The counselor looked over at me as the co-facilitator expecting me to agree with her tactics. I immediately felt uncomfortable. She looked away to continue her harassment of the ladies in attendance. By the time that she was finished, she was yelling at them, calling them names and demanding that those in attendance expose the woman who had tested positive.
I felt compelled to speak against this tactic. I knew the person who had the dirty urinalysis and knew from my sessions with her that she professed to be clean. I felt the harassment and berating being used were abusive to all in attendance and I did not agree with the tactics being employed to elicit information. I may have had deep seated feelings about what was transpiring but as a single mother of three needing a job to support my family, I kept quiet.
In front of the group, the coordinator identified the client and reprimanded her about the dirty urinalysis while threatening her with jail time. The client was visibly shaken. During break she was abandoned by the other clients to deal with her misery on her own. Clients knew if they were to console her, they would face sanction as well, regardless of their personal feeling of her innocence or guilt in the matter.

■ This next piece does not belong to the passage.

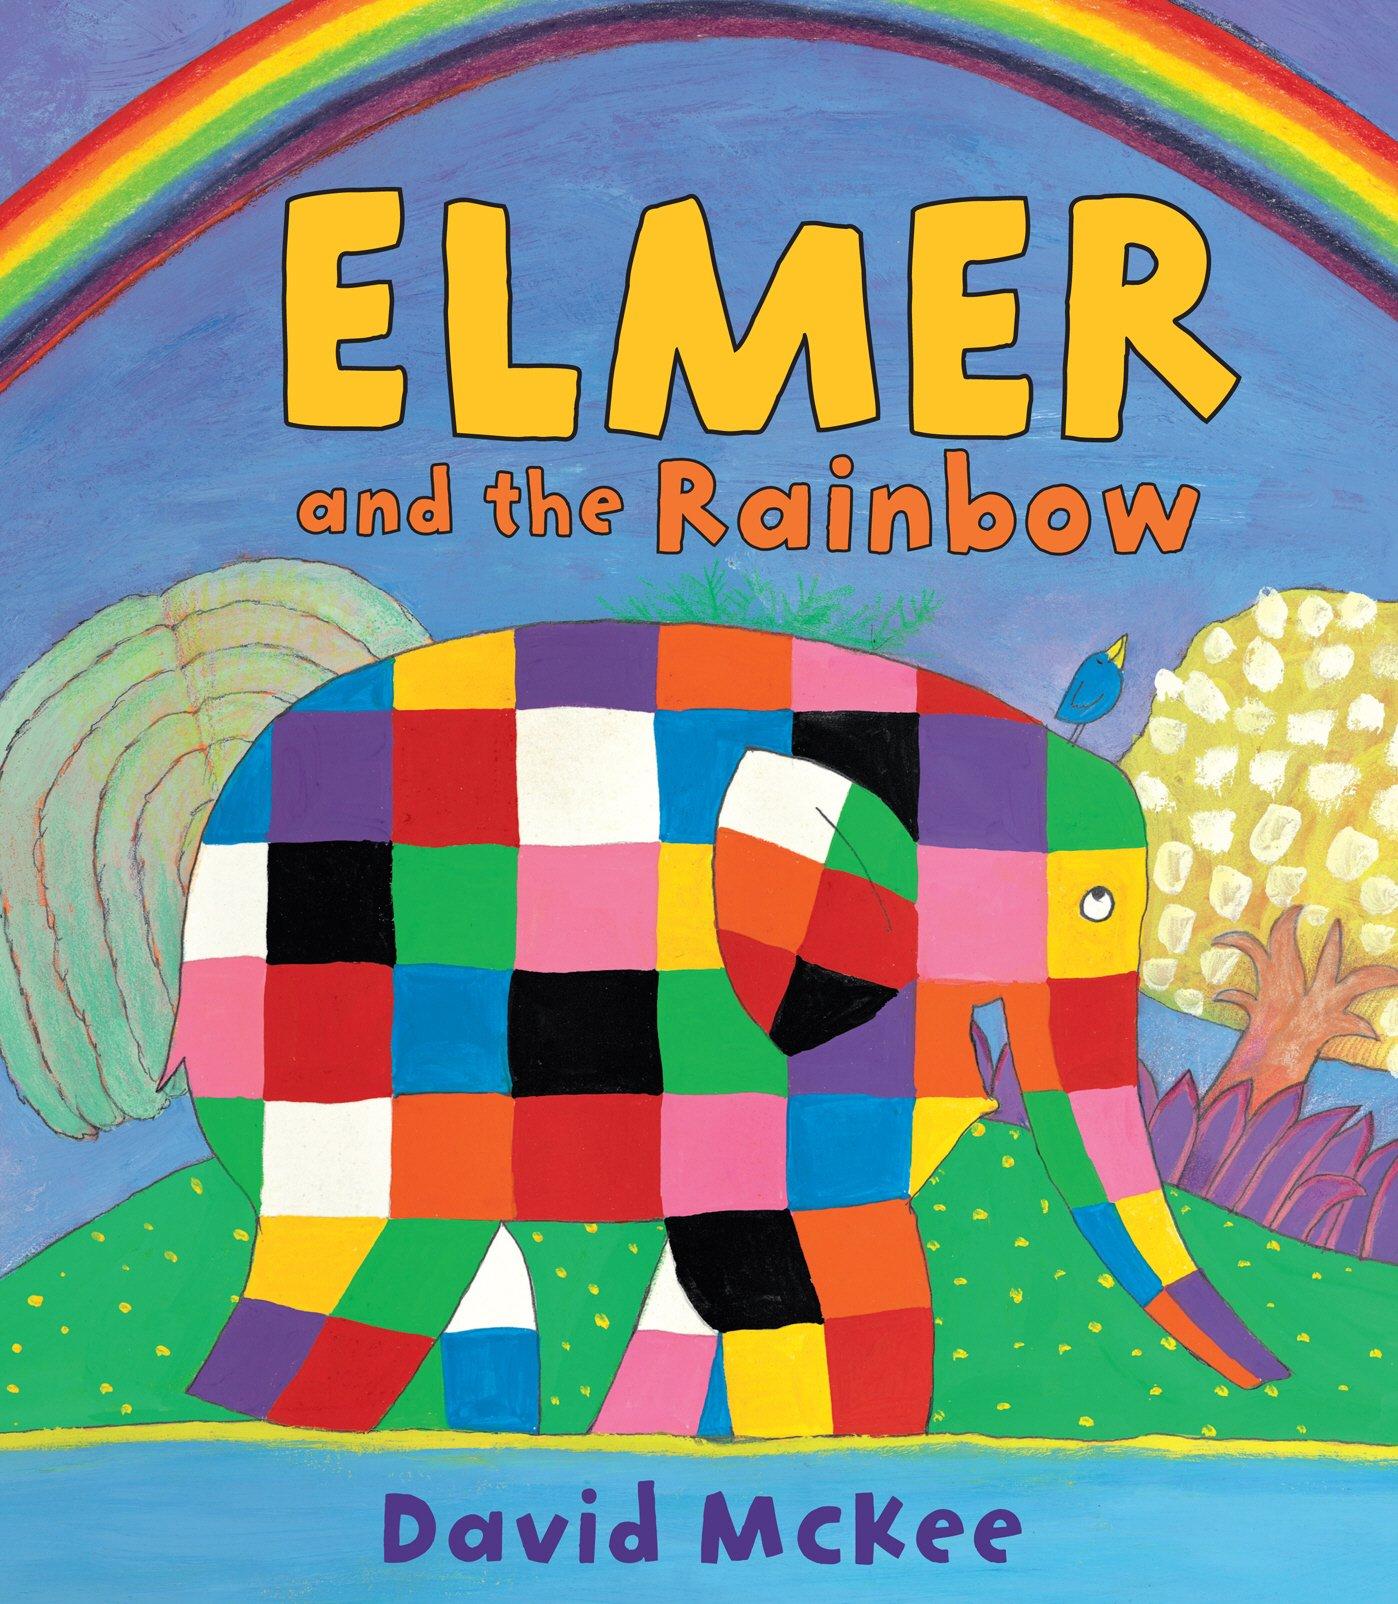 amazon elmer and the rainbow elmer picture books david mckee

Still denying the use, she came to me in tears. I knew that I was in no “position” as a subordinate to question the tactics and at the same time ask for a more open minded approach to the client. Instead I told her to make an appointment with her physician and discuss with him the possible reasons for the dirty urinalysis. By getting authorities in a better position than I, more independent of the agency and with more status and power to back her stance, she would be in a better position to confront the allegations.

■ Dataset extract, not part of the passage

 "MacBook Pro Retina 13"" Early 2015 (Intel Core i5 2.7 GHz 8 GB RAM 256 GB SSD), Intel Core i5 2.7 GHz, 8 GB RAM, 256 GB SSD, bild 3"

In court that week she came with a letter from a MD. She had a dirty urinalysis because she was borderline diabetic. If I had not helped her to “position” in the situation, she would have been jailed, her sense of self-esteem obliterated, and a very real physical condition would not have been addressed.
Get the Facts Straight:
Blame is a coward’s way of avoiding a meaningful conversation.
Blame is asserted to reinforce status and power without a fair consideration of issues.
Blame is hidden in diagnoses which reinforce stigma and propaganda about groups of people.
Blame is hidden in the assertion of biological conditions for human behavior deviance creating and preserving the pathological focus and the medicalization of rehabilitation efforts.
Blame is hidden in warnings given about people with different ideas as being potential aberrant personalities.
Where bias coincides in judgment, there can be no justice or human advancement!